All sorts of businesses ask their clients to sign liability waivers before taking part in risky recreational activities. From bicycle tours to whitewater rafting and skydiving, companies protect themselves against lawsuits by asking their customers to give up at least part of their legal right to sue in exchange for participation. When someone who has signed a liability waiver gets injured during the covered activity, the enforceability of the waiver can be a significant barrier to recovering compensation through the courts.
What a liability waiver can cover
Liability waivers are a type of contract between the person waiving their right to sue and the person the waiver protects. Because they’re contracts, the specific language of waivers matters a great deal. Most of the time a company that asks for a liability waiver will have a form that provides the maximum waiver permitted by law. An enforceable liability waiver has several traits. First, it must be easy to understand. If it is written in incomprehensible legalese, so that ordinary people can easily misread it, a court will be more likely to throw it out. Second, its terms must be visible. Placing a waiver in fine print or hidden in a strange place, like on the back of a page, may render it unenforceable. Finally, a waiver can only limit a business’s liability for ordinary negligence.

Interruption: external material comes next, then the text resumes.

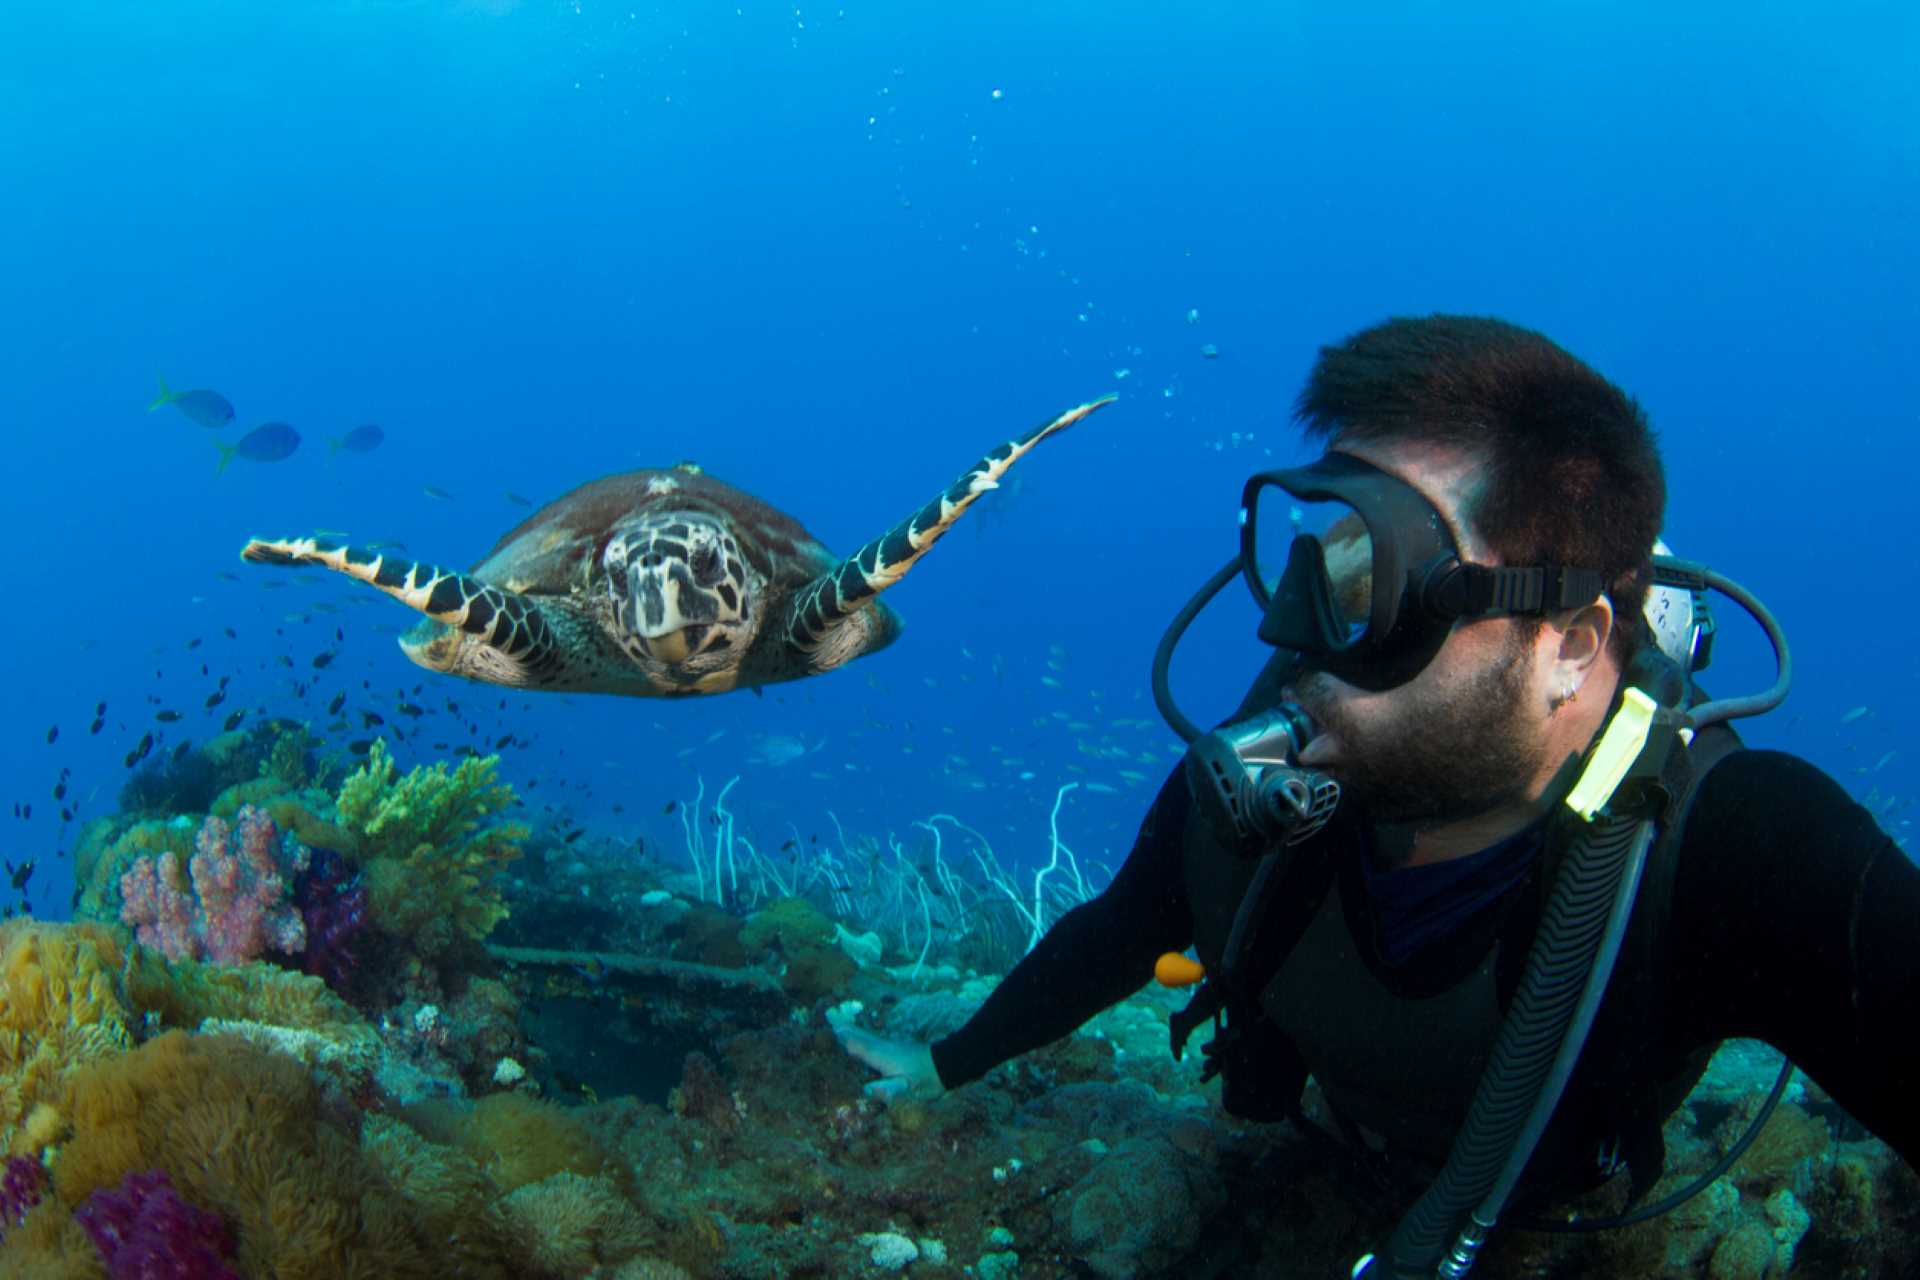 Scuba Diving Don'ts 3 - Don't Lie Or Miss Things Out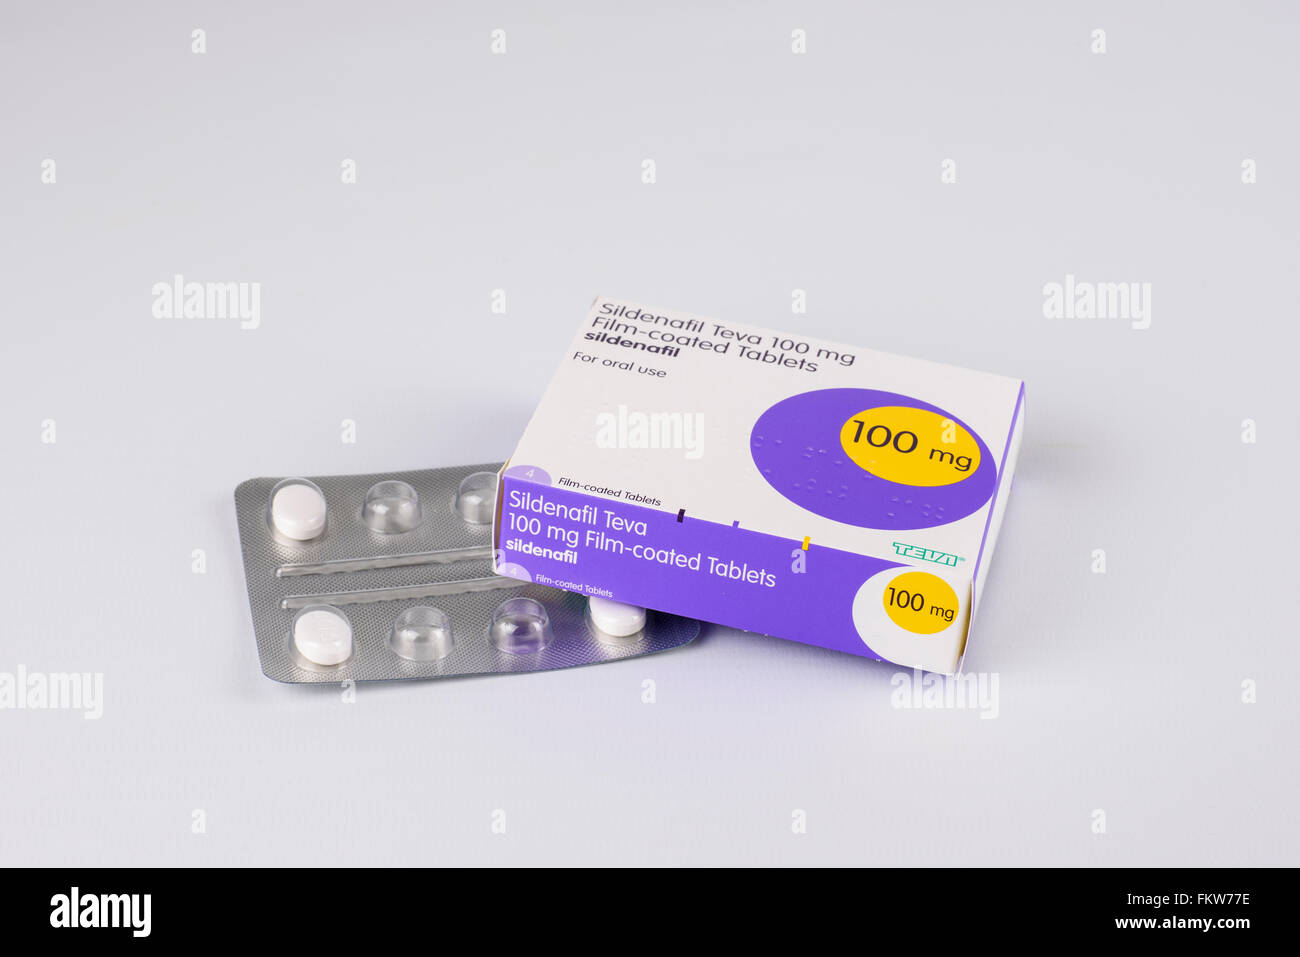 Packet of 100mg Sildenafil (generic Viagra) capsules against a white background Stock Photo

A waiver cannot cover gross negligence or willful misconduct
A business cannot escape liability for the behavior of its employees and agents that is grossly negligent. Gross negligence is a legal standard that describes especially careless behavior in the face of a legal duty to show care toward another person. A skydiving operation might commit gross negligence by failing to follow proper procedures when packing parachutes. A waiver also can’t cover liability for willful misconduct. If an employee or agent of a business deliberately tries to hurt someone, the waiver alone won’t protect the business from liability (though other defenses may apply).
The person signing the waiver must understand the risk
The enforceability of liability waivers is predicated on an underlying idea that the person signing the waiver understands the risks they are about to undertake. In legal terms, the person signing the waiver assumes the risk of the activity. To assume a risk, a person must voluntarily expose themselves to the risk, and must have actual knowledge of the risk. If a person who signs a liability waiver doesn’t fully appreciate the risks involved in an activity, there’s a possibility that the waiver isn’t valid, because the person signing didn’t know what was being waived. See Renaud v. 200 Convention Ctr., 102 Nev. 500 (1986).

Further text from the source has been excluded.